Ben je de vijftig gepasseerd, dan klinkt het je vast bekend in de oren: watergruwel. Zo’n klassiek toetje dat bij oma vaak op tafel kwam, meestal op zondag of na een stevige hap. De naam klinkt wat vreemd, maar wie het ooit proefde weet dat het juist een verrassend fris en zoet nagerecht is.
Wat is watergruwel precies?
krentjebrij is een oudere Hollandse klassieker. Het is een soort pap die je maakt van gort, rode limonadesiroop (vaak bessensap of siroop van rode vruchten) en gedroogde vruchten zoals rozijnen of krenten.
Daaruit ontstaat een dikke, fruitige brij met een licht frisse zuurtje, die je zowel koud als warm kunt eten. Ondanks de wat onhandige naam heeft watergruwel niets met “gruwel” te maken – het woord stamt waarschijnlijk af van het Oudnederlandse gruul, wat pap of brij betekent.
Eten uit een tijd van eenvoud
Vroeger was watergruwel populair, vooral op het platteland. Je maakte het van simpele, betaalbare spullen die bijna iedereen in huis had. Gort – gepelde gerst – was in de negentiende en vroege twintigste eeuw heel gangbaar. Met zoet bessensap en rozijnen erbij werd het een echte traktatie.

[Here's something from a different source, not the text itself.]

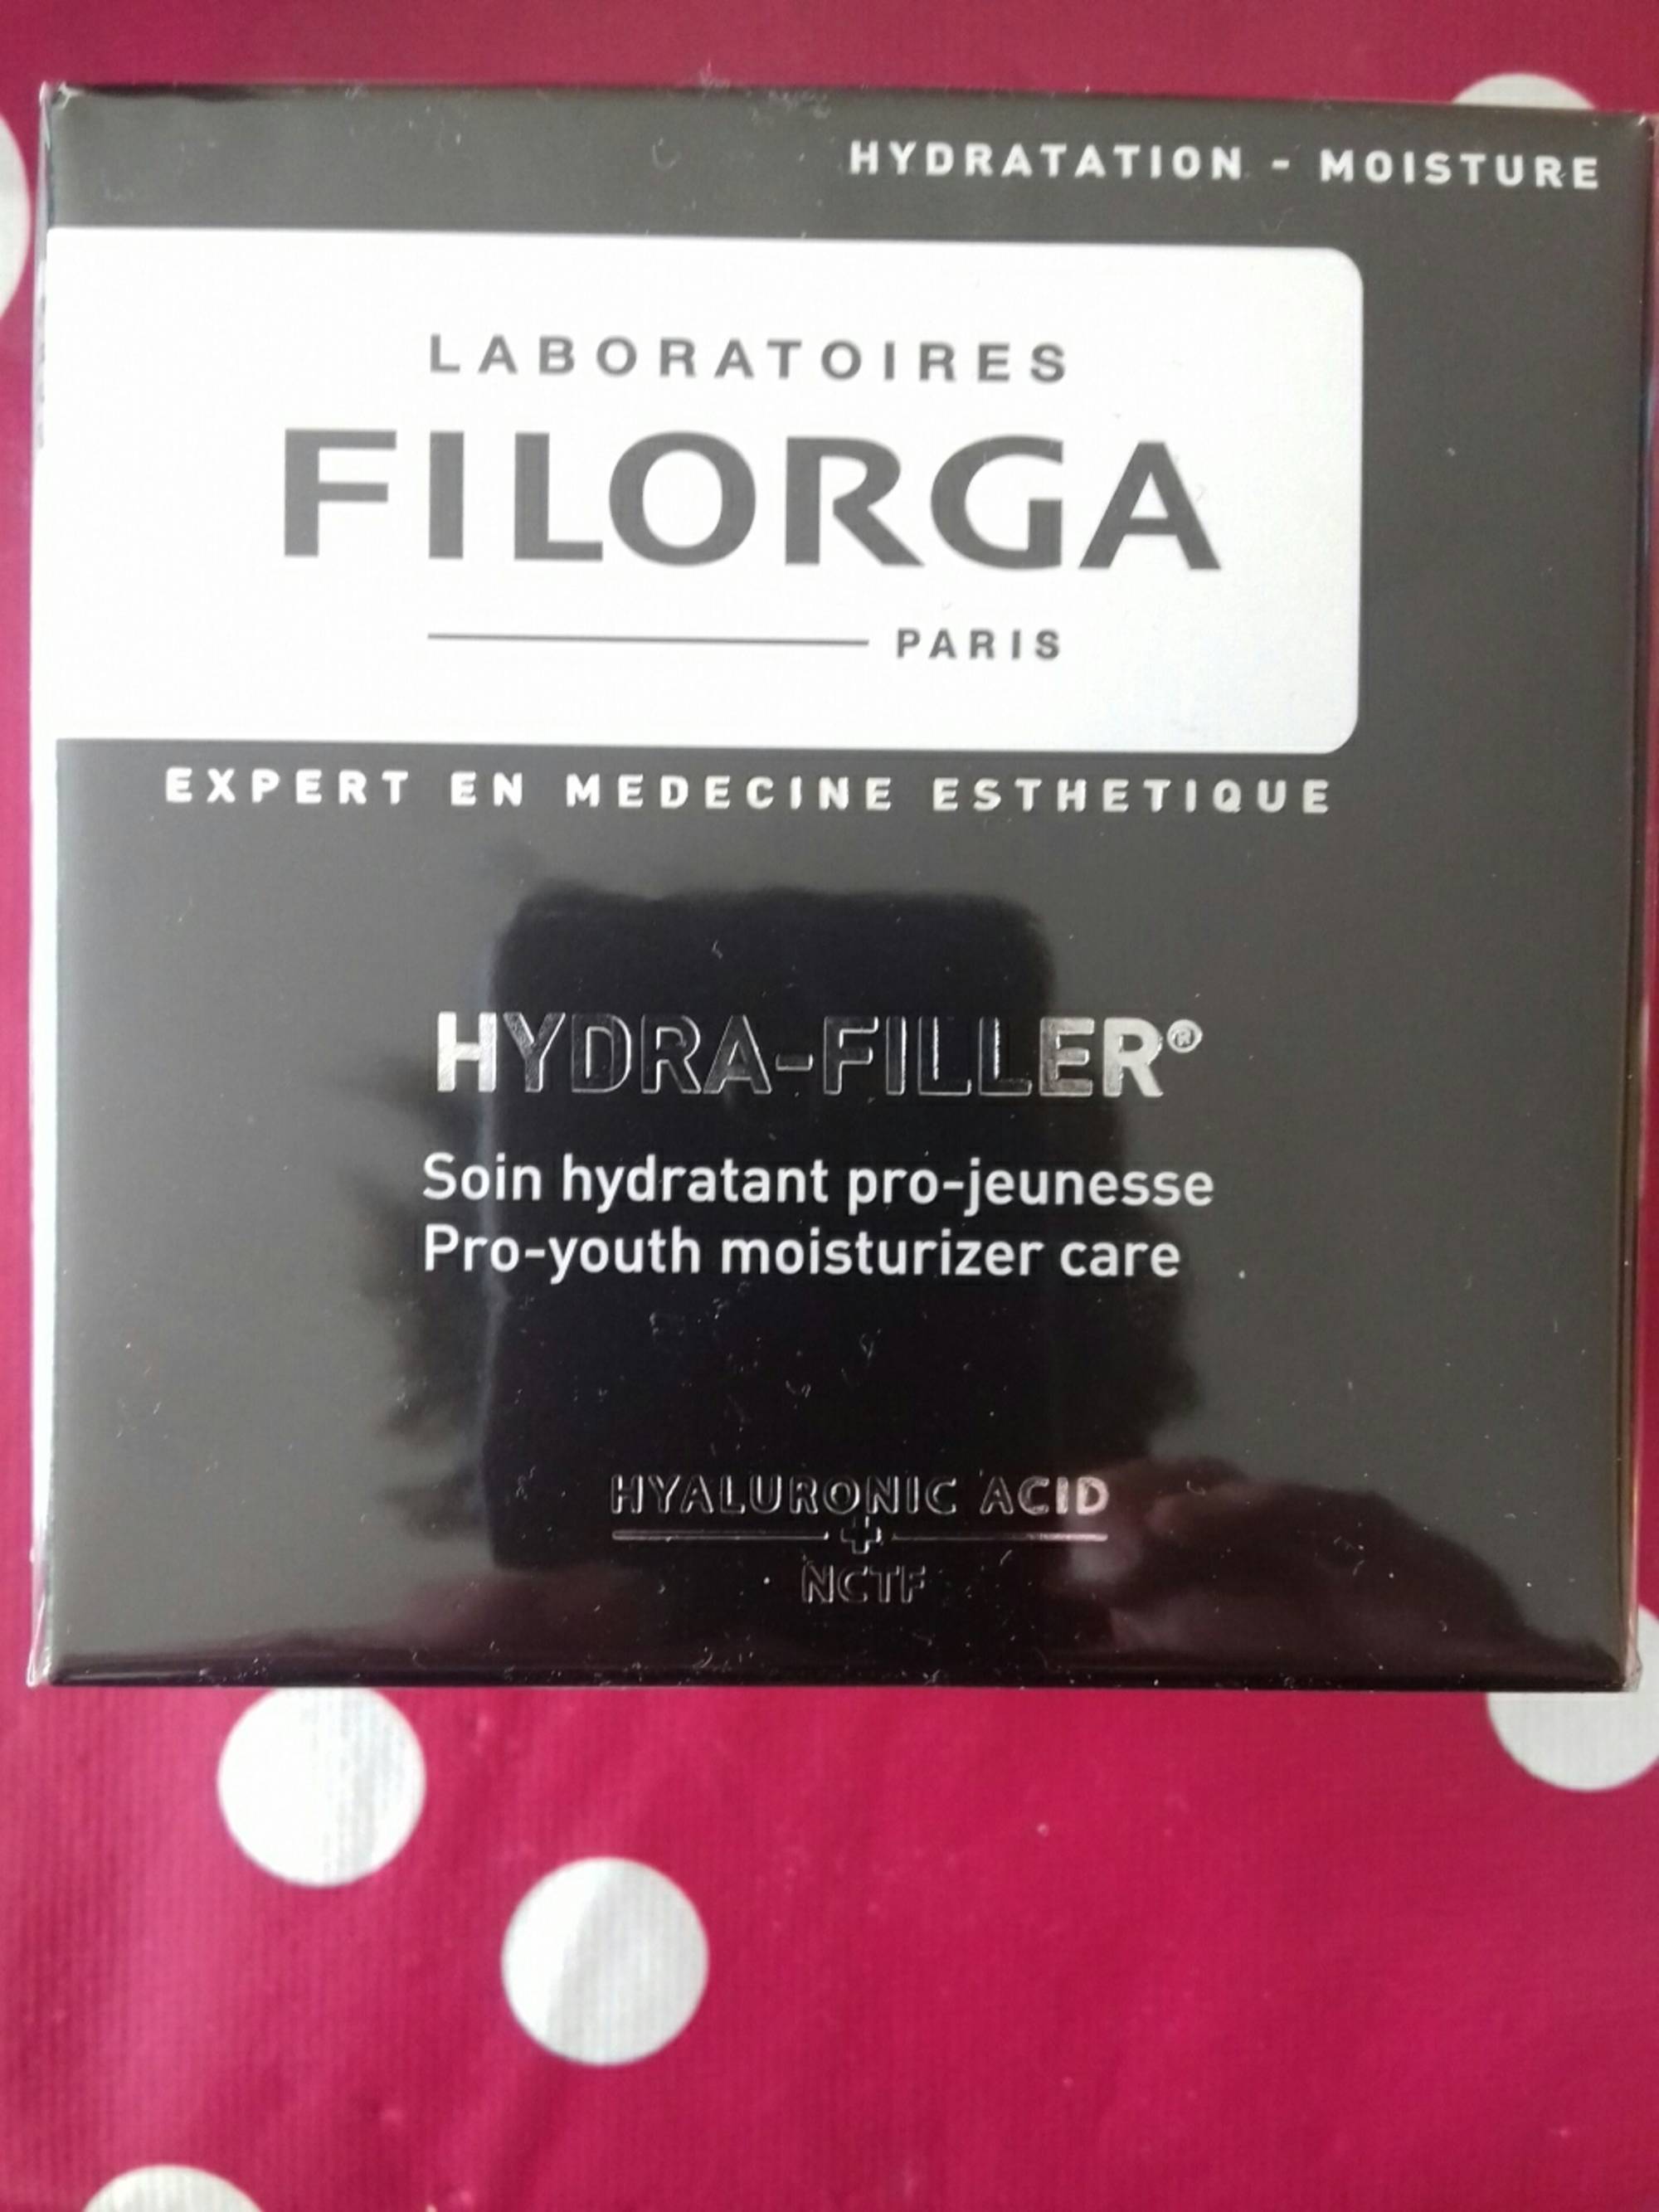 FILORGA - Hydra-filler - Soin hydratant pro-jeunesse

Toen suiker nog kostbaar was, werd er vaak alleen wat stroop of honing doorheen gedaan. Later, met bessensap uit de fles, kreeg het zijn kenmerkende dieprode kleur.

Zo maak je watergruwel
Het kost even tijd, maar moeilijk is het niet. Eerst kook je de gort rustig gaar in water met een snuf zout. Daarna gaan de rozijnen, krenten en bessensap erbij. De pap dikt in en krijgt een diepe roodpaarse kleur. Als het goed is, glanst de brij licht en ruikt het heerlijk naar fruit.
Je kunt het warm eten, maar veel mensen laten het afkoelen. Koude watergruwel is stevig, fris en ideaal op een zomerse dag. Een toefje slagroom of een scheutje melk maakt het extra lekker.
Waarom het uit beeld verdween
In de moderne keuken kom je watergruwel nog maar weinig tegen. Jongere generaties kiezen sneller voor yoghurt, ijs of kant-en-klare toetjes. Thuis wordt het zelden gemaakt, al kom je het soms nog tegen op streekmarkten of bij traditionele eetgelegenheden.
Toch zien steeds meer mensen het weer als nostalgisch comfortfood. Op sociale media zie je steeds vaker filmpjes van mensen die het recept van hun oma opnieuw maken. En wie het proeft, snapt meteen waarom: het is simpel, betaalbaar en verrassend smakelijk.
Een toetje met karakter
De charme van watergruwel zit ’m in de eenvoud. Geen chique dessert, maar iets huiselijks. Het roept beelden op van emaille pannen, houten lepels en dampende kommen op het fornuis.
Het is bovendien een vorm van duurzaam koken avant la lettre: gemaakt met houdbare ingrediënten en restjes, zonder verspilling.
Wat die naam eigenlijk zegt
De naam “watergruwel” klinkt voor veel mensen afschrikwekkend, maar dat is nergens voor nodig. Ooit betekende “gruul” gewoon “pap”. Door taalverandering bleef “gruwel” hangen en kreeg het een onbedoeld enge bijklank. In werkelijkheid is het allesbehalve eng – juist zacht, fruitig en troostend.
Een schep Hollandse nostalgie in een kom
Watergruwel is meer dan een oud recept. Het is een stukje Nederlandse eetcultuur dat herinnert aan een tijd waarin eenvoud normaal was en smaak niet uit een potje kwam.
Krijg je de kans, maak het dan eens. Een kommetje watergruwel brengt je in één hap terug naar oma’s keuken, waar de geur van bessensap en kaneel lang bleef hangen.